Try it
What you give back must match the data exactly, minus the pictures.

Material provided
↓↓↓
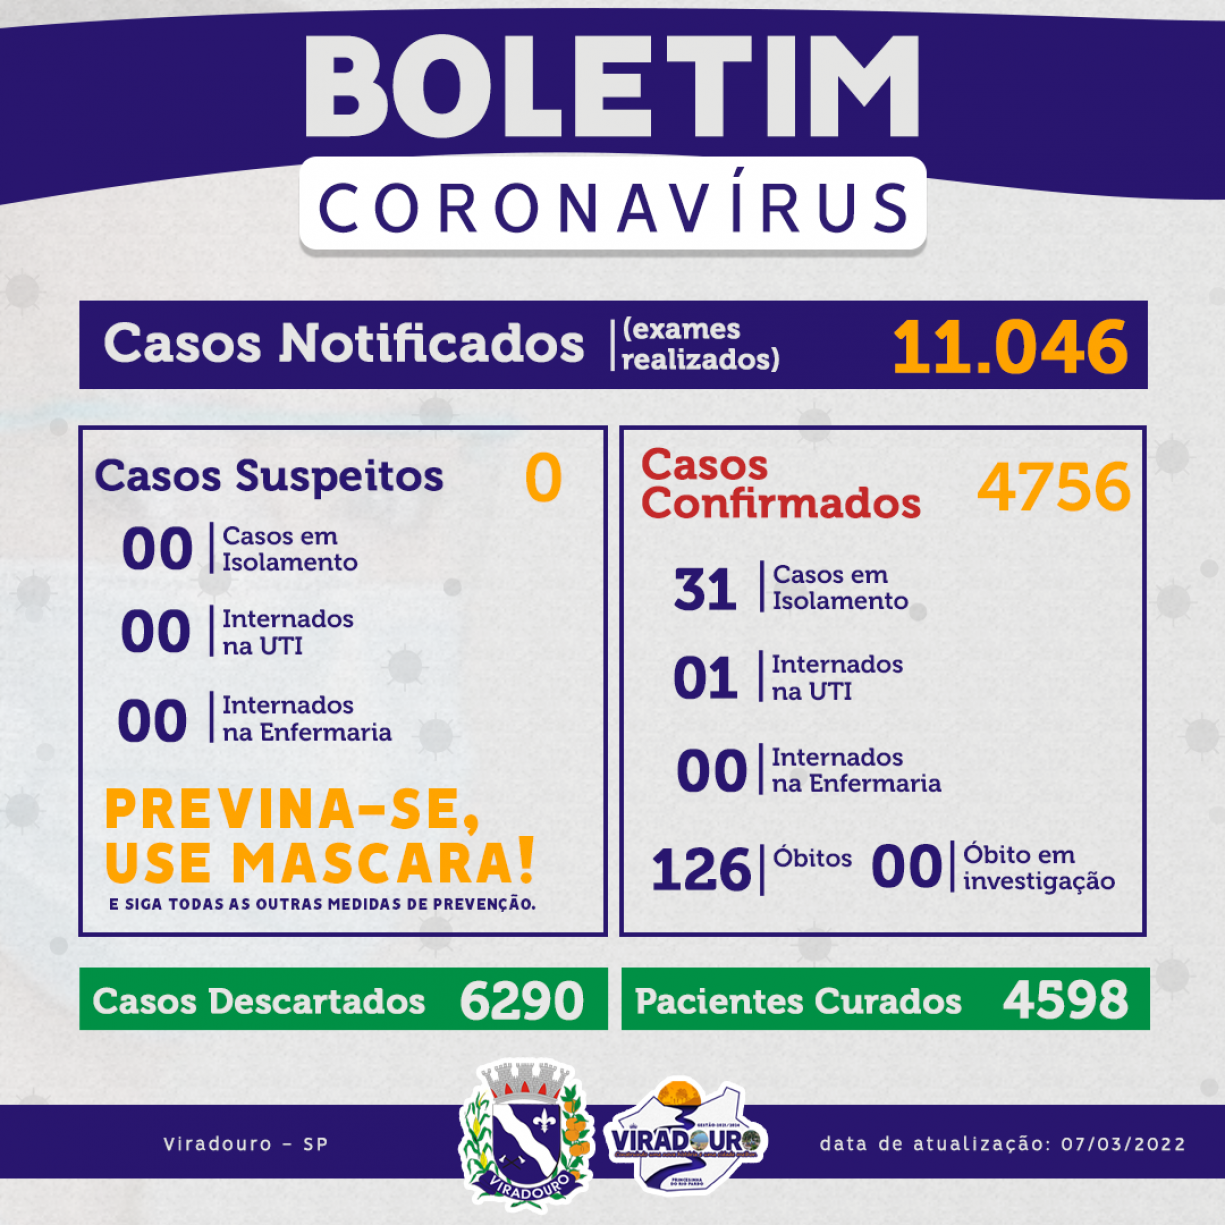 	CORONAVÍRUS: BOLETIM EPIDEMIOLÓGICO (ATUALIZAÇÃO 07/03/2022)
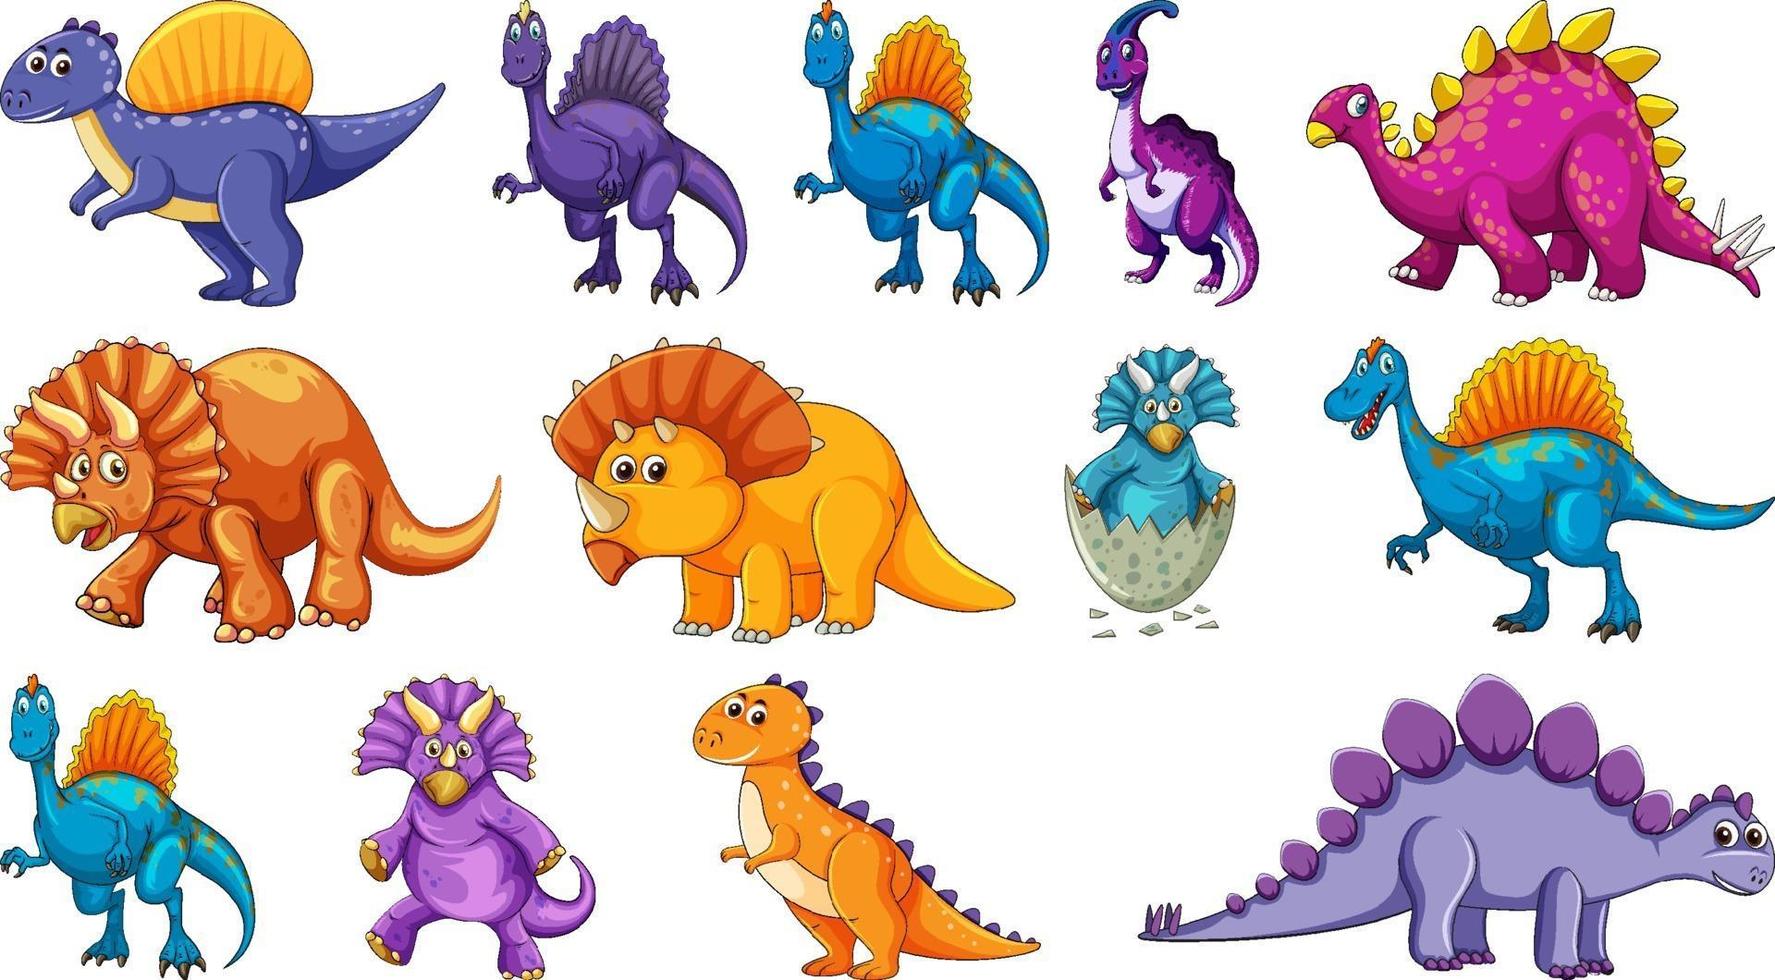 verschillende dinosaurussen stripfiguur en fantasie draken geïsoleerd vector
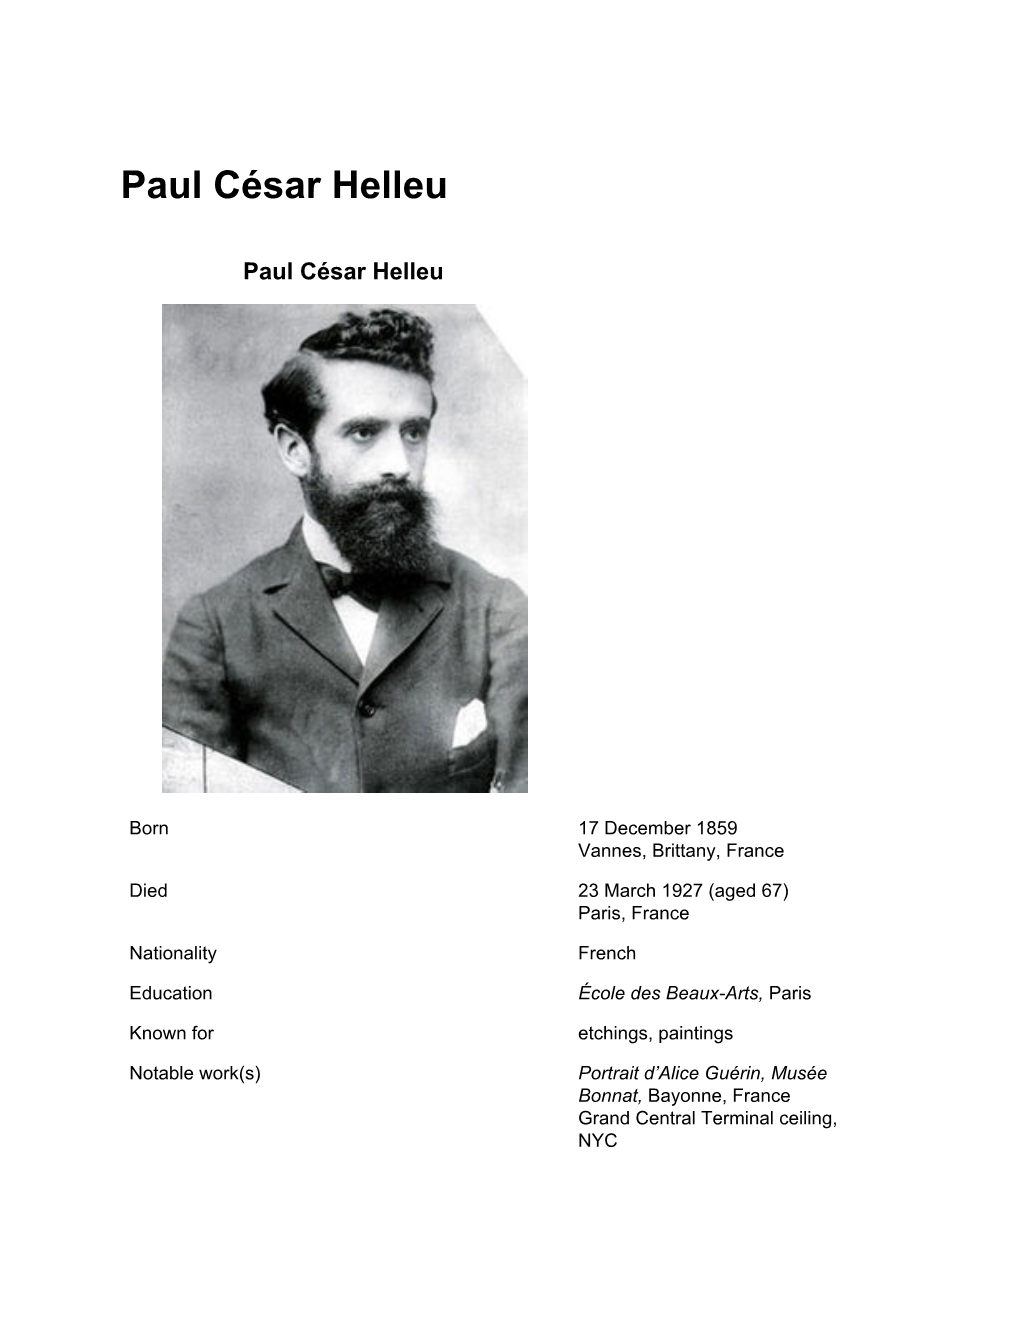 Paul César Helleu
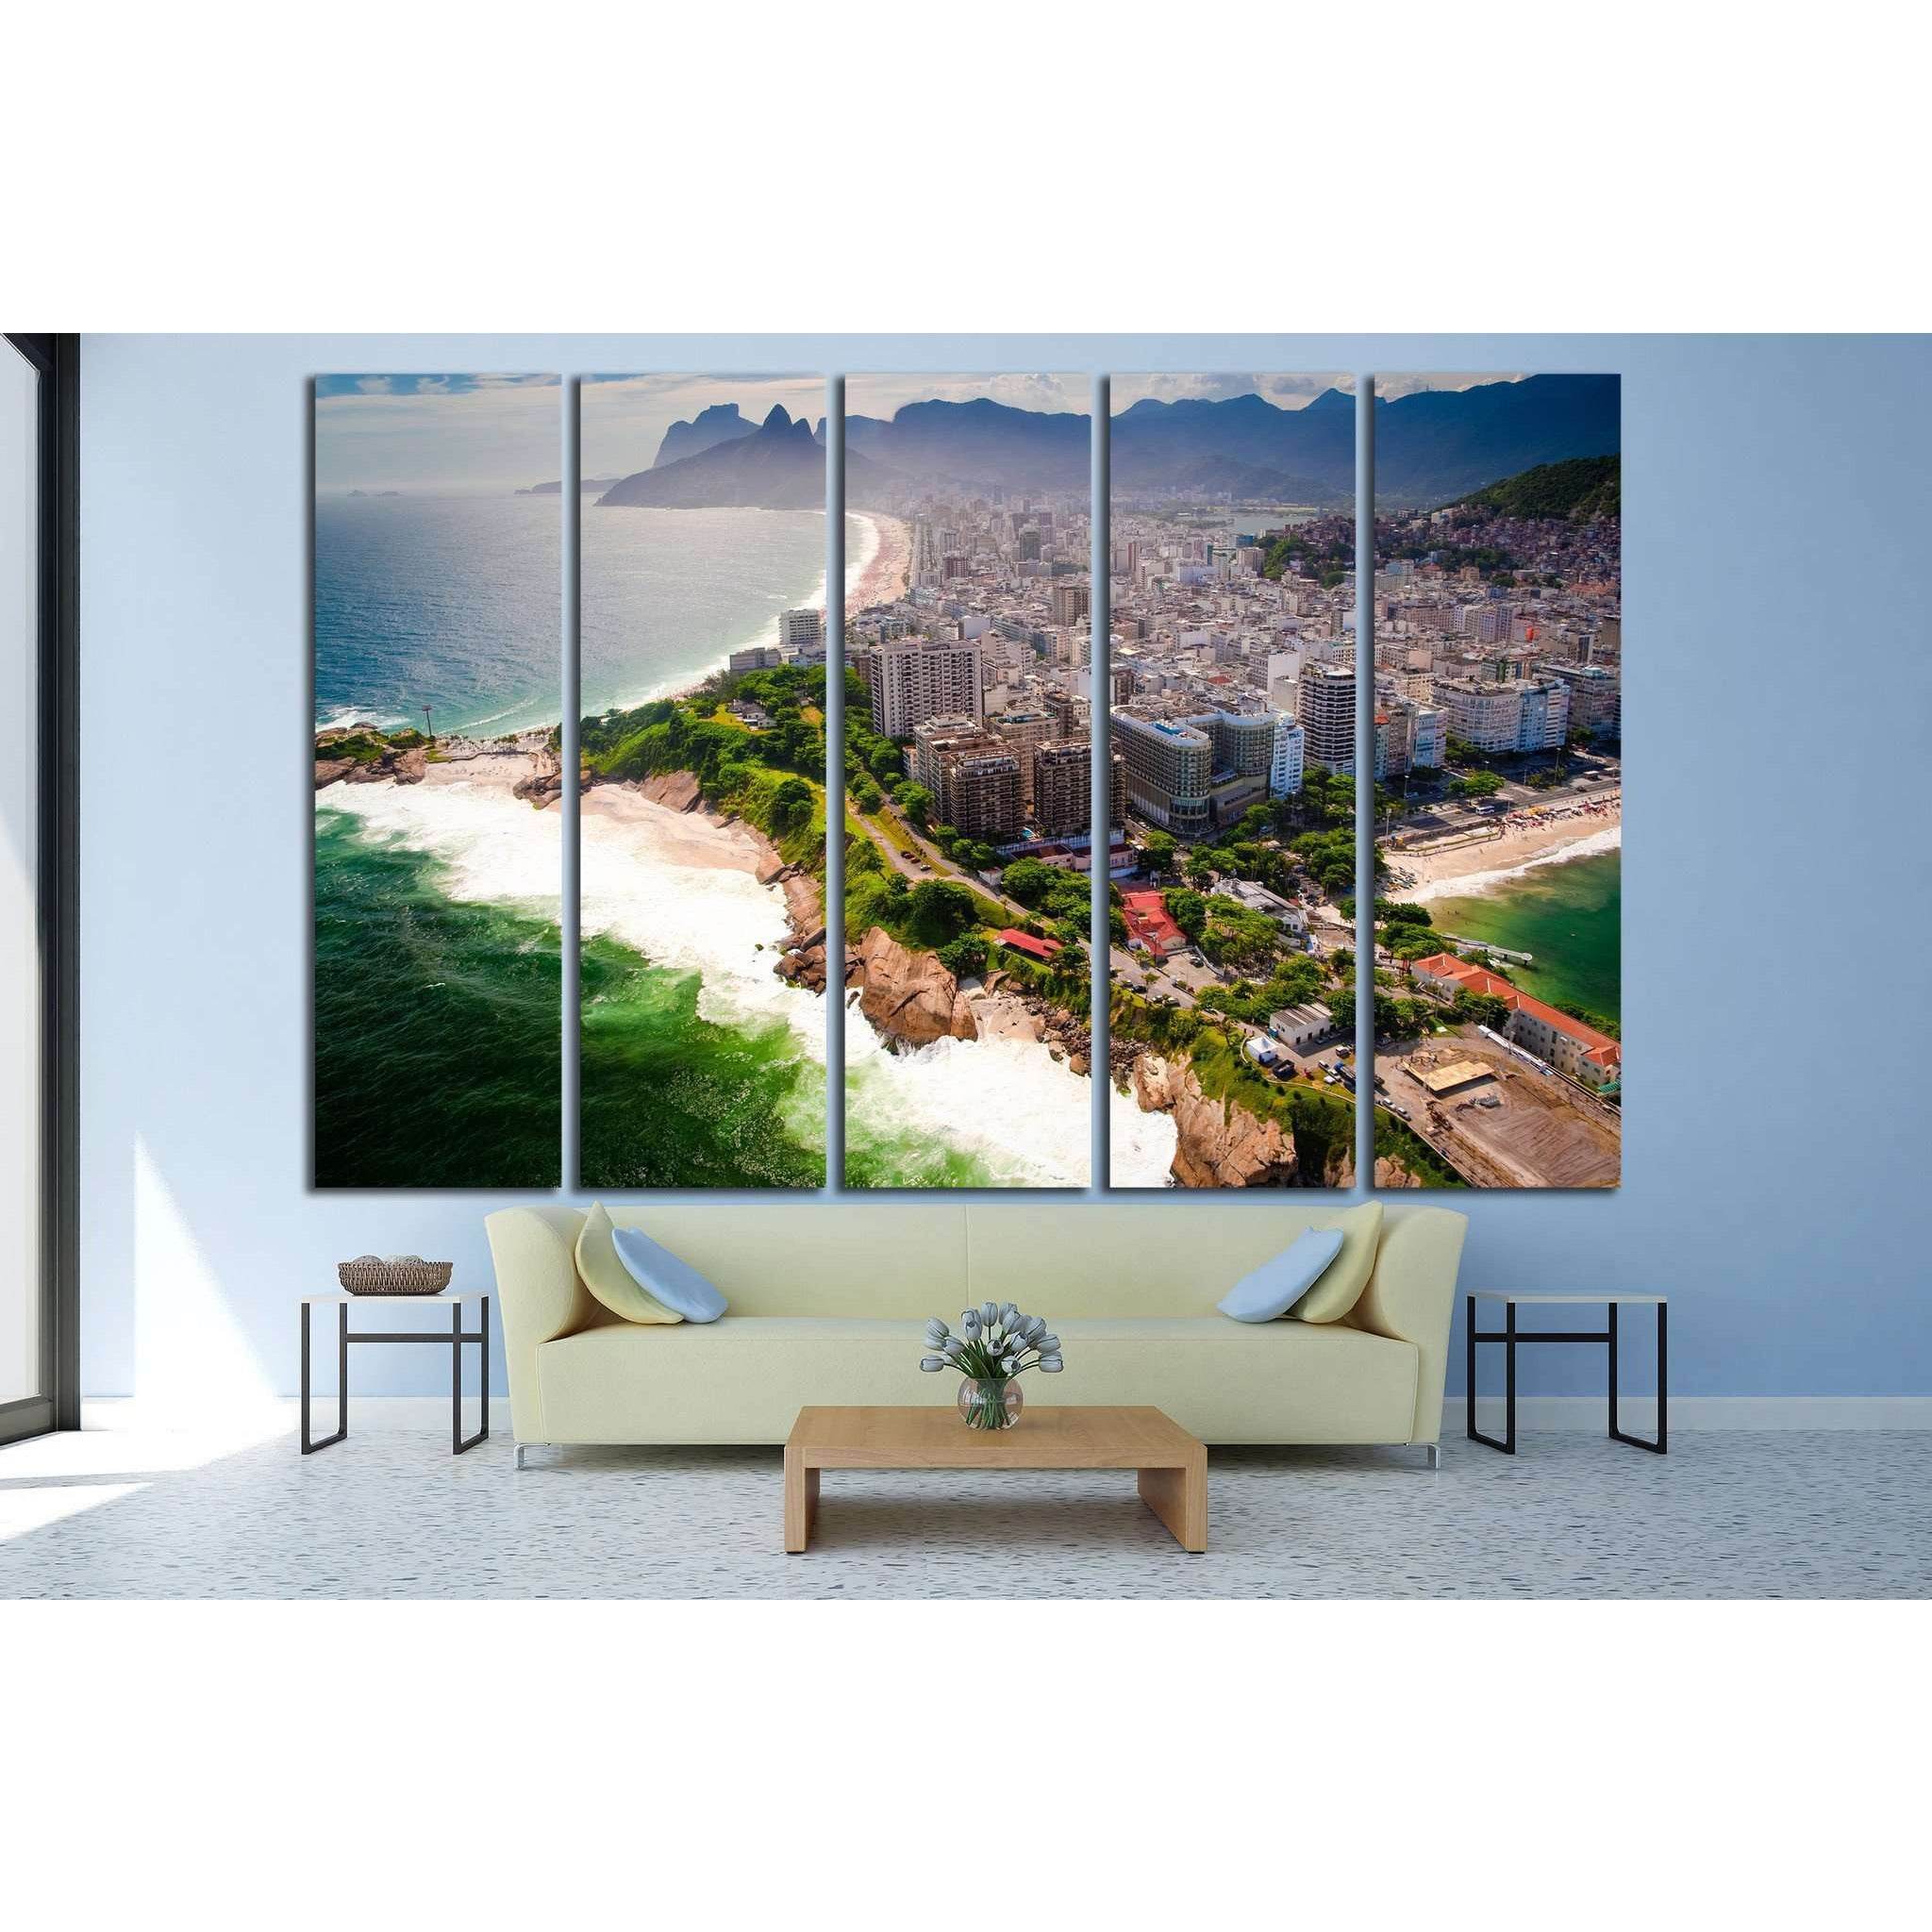 Ipanema Beach, Copacabana Beach, Rio de Janeiro, Brazil №1166 Ready to Hang Canvas Print
↑↑↑
Problem solution
 	CORONAVÍRUS: BOLETIM EPIDEMIOLÓGICO (ATUALIZAÇÃO 07/03/2022)
 verschillende dinosaurussen stripfiguur en fantasie draken geïsoleerd vector
 Paul César Helleu
 Ipanema Beach, Copacabana Beach, Rio de Janeiro, Brazil №1166 Ready to Hang Canvas Print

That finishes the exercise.